When you transcribe the listing that follows, keep every line exact and omit the pictures.

Data segment:

==================================================

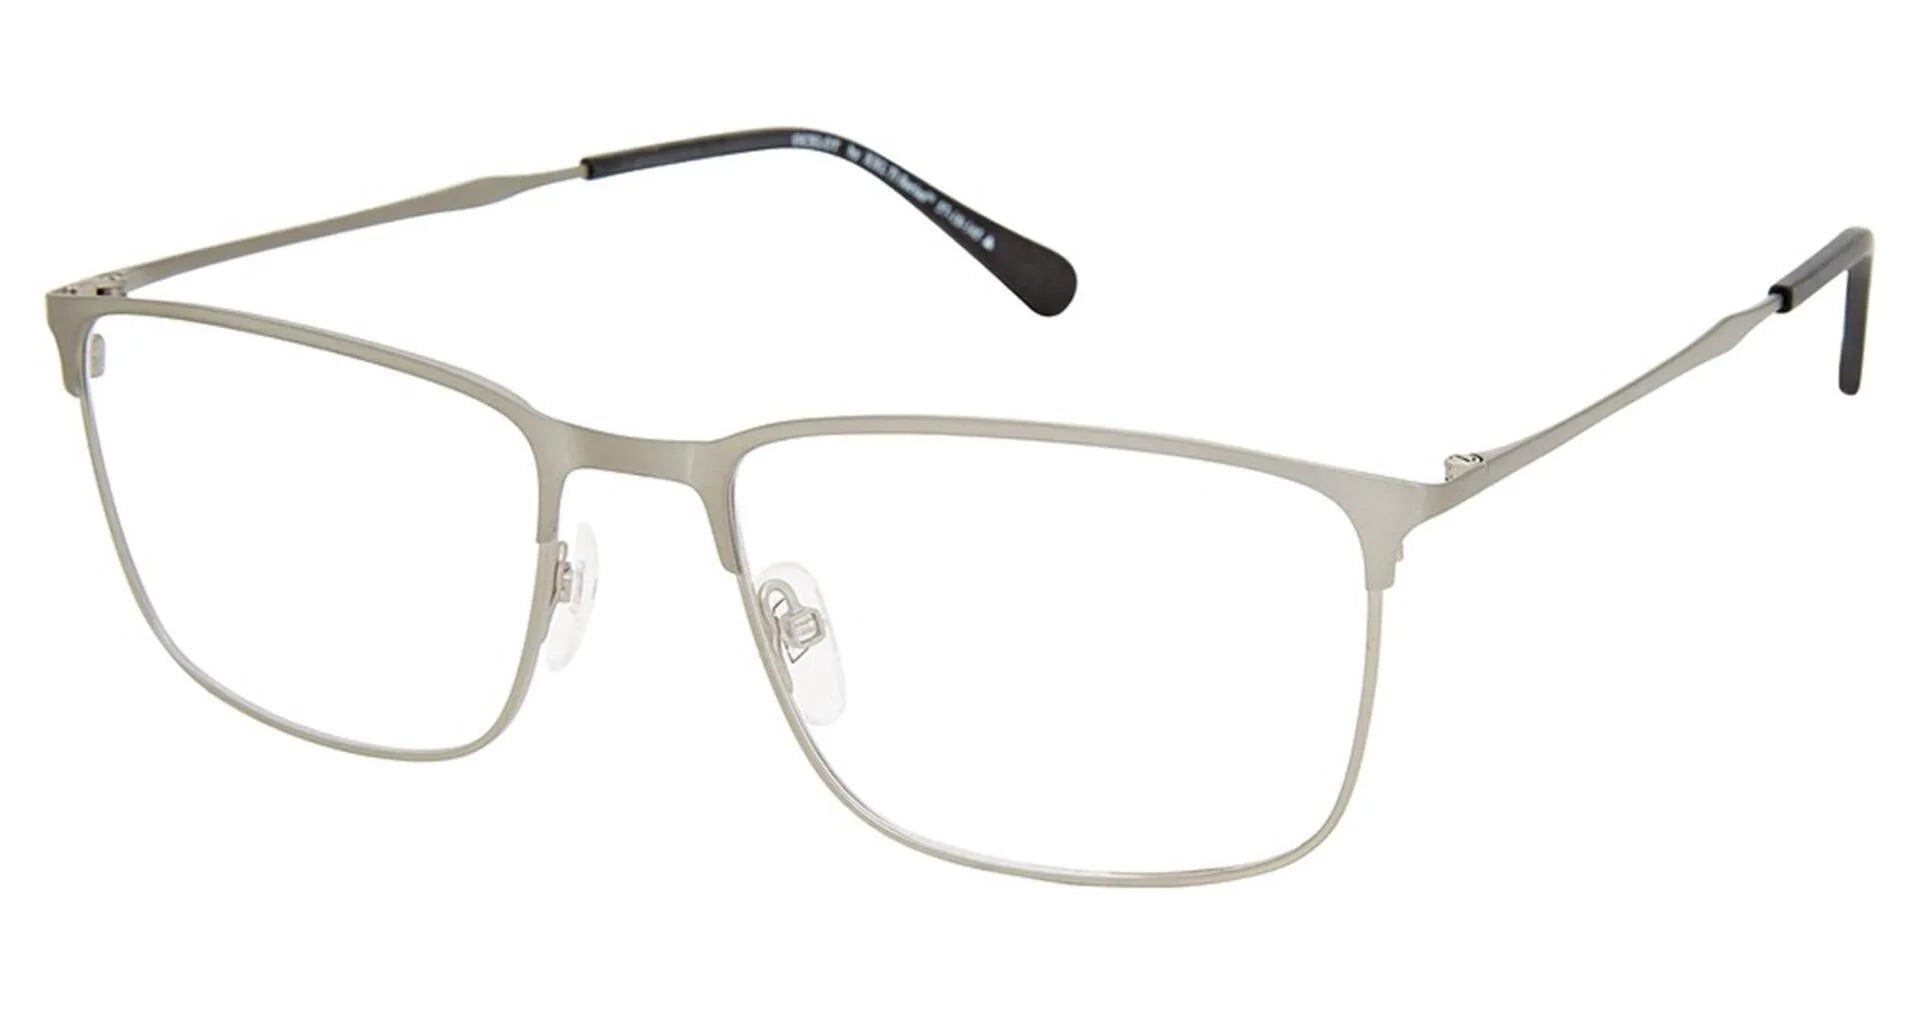 XXL Eyewear Ocelot Eyeglasses Gunmetal
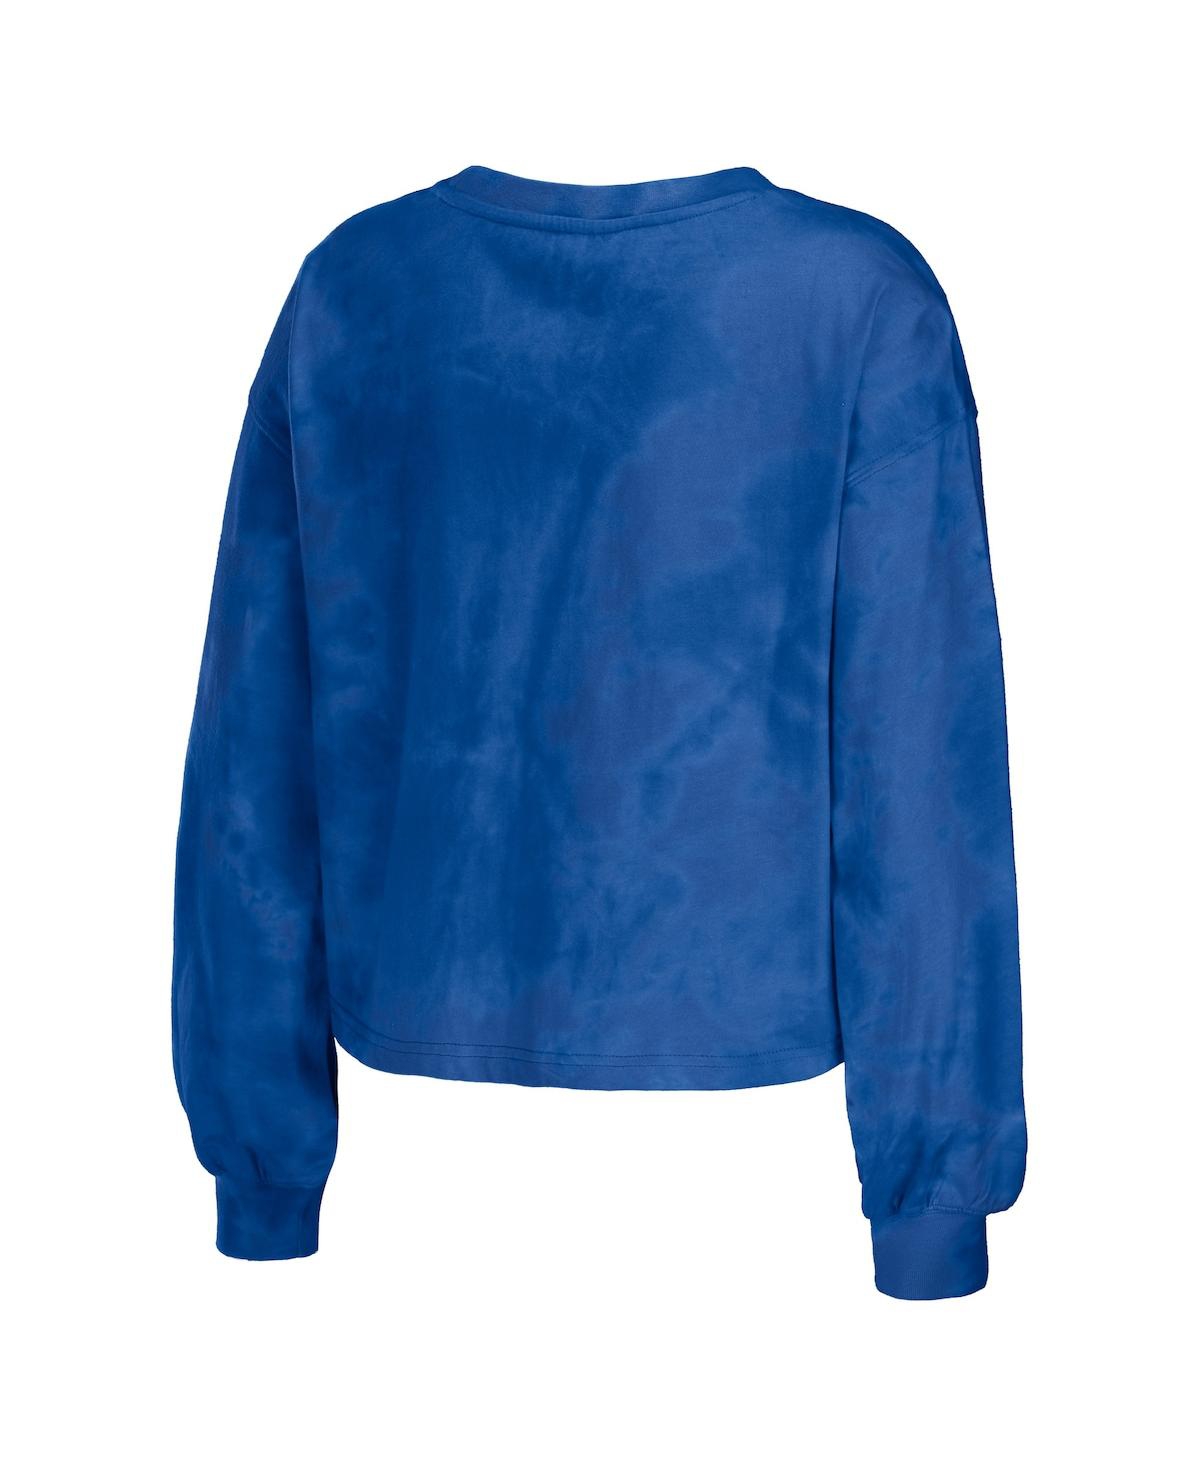 Shop Wear By Erin Andrews Women's  Blue St. Louis Blues Tie-dye Cropped Pullover Sweatshirt And Shorts Lou
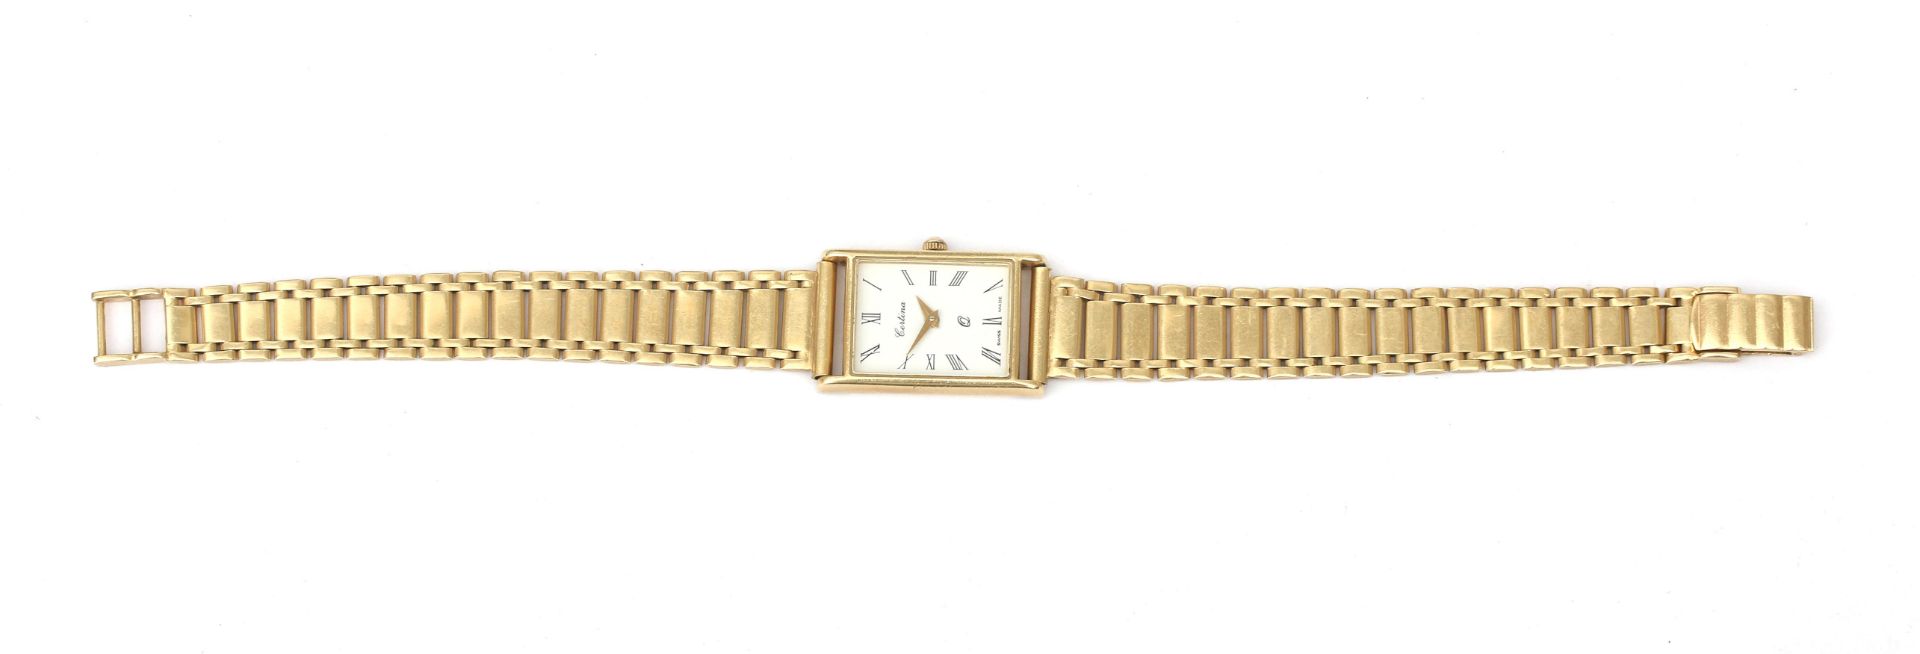 A 14 karat gold Certina lady's wristwatch - Bild 2 aus 2
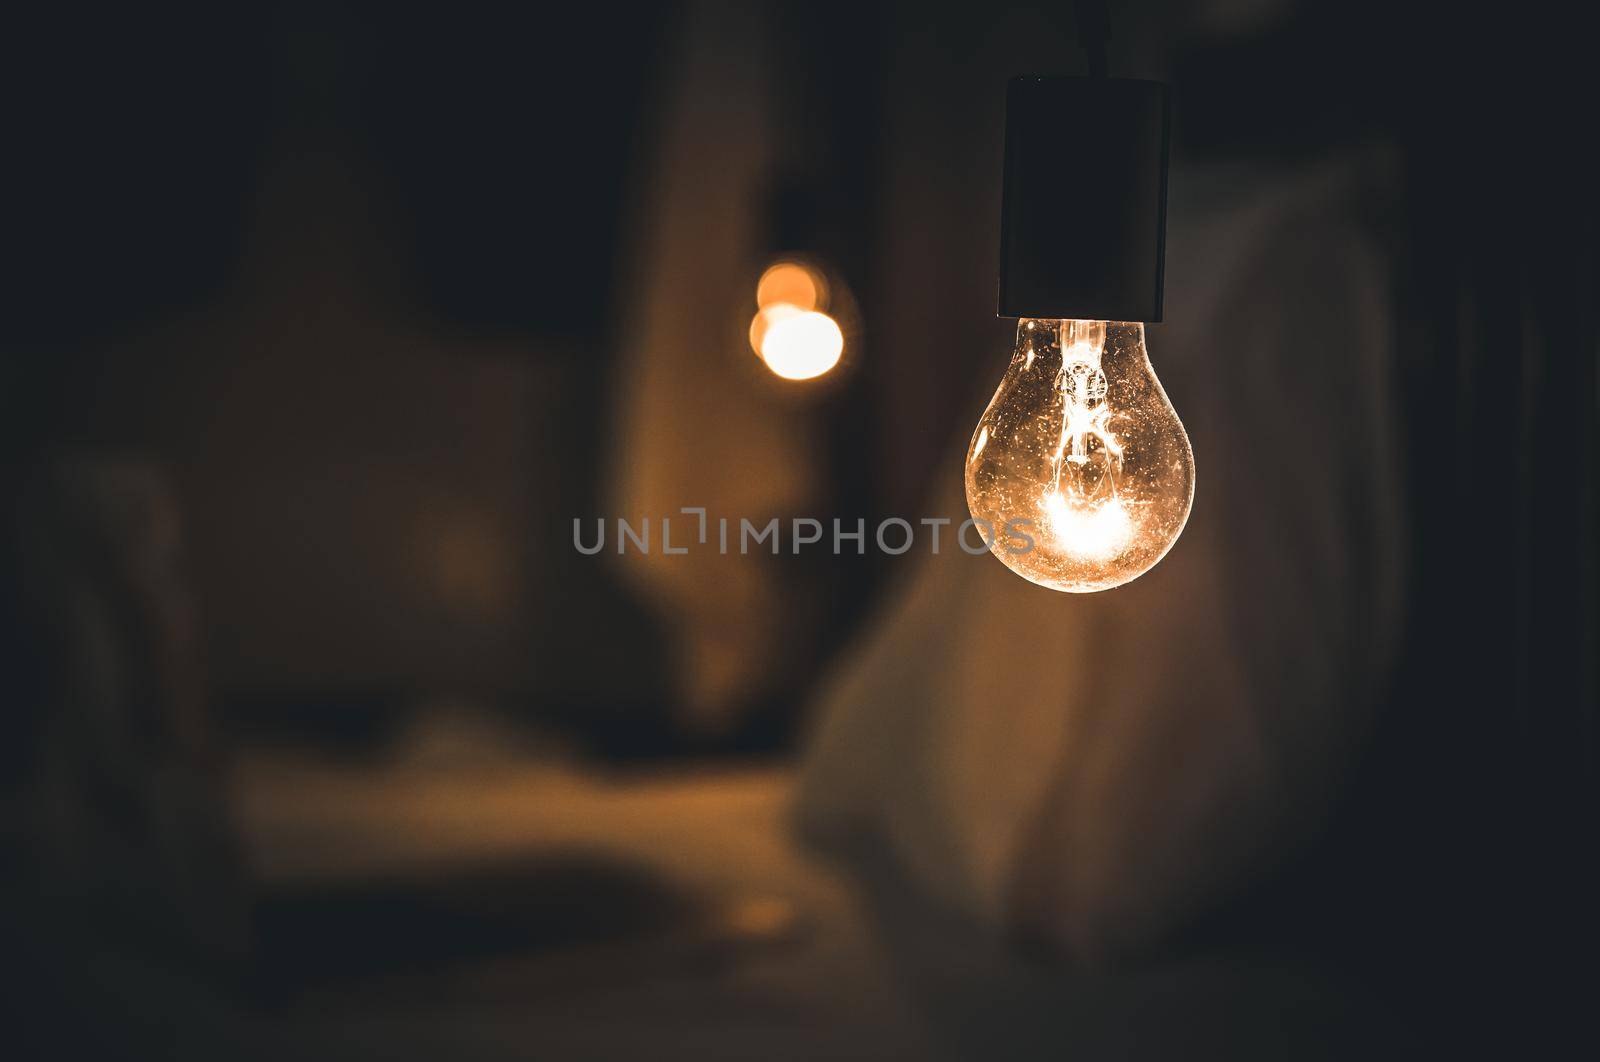 Vitange retro light in Dark blur Bed room

==================================================

Response to this exercise:
 XXL Eyewear Ocelot Eyeglasses Gunmetal
 Shop Wear By Erin Andrews Women's  Blue St. Louis Blues Tie-dye Cropped Pullover Sweatshirt And Shorts Lou
 A 14 karat gold Certina lady's wristwatch - Bild 2 aus 2
 Vitange retro light in Dark blur Bed room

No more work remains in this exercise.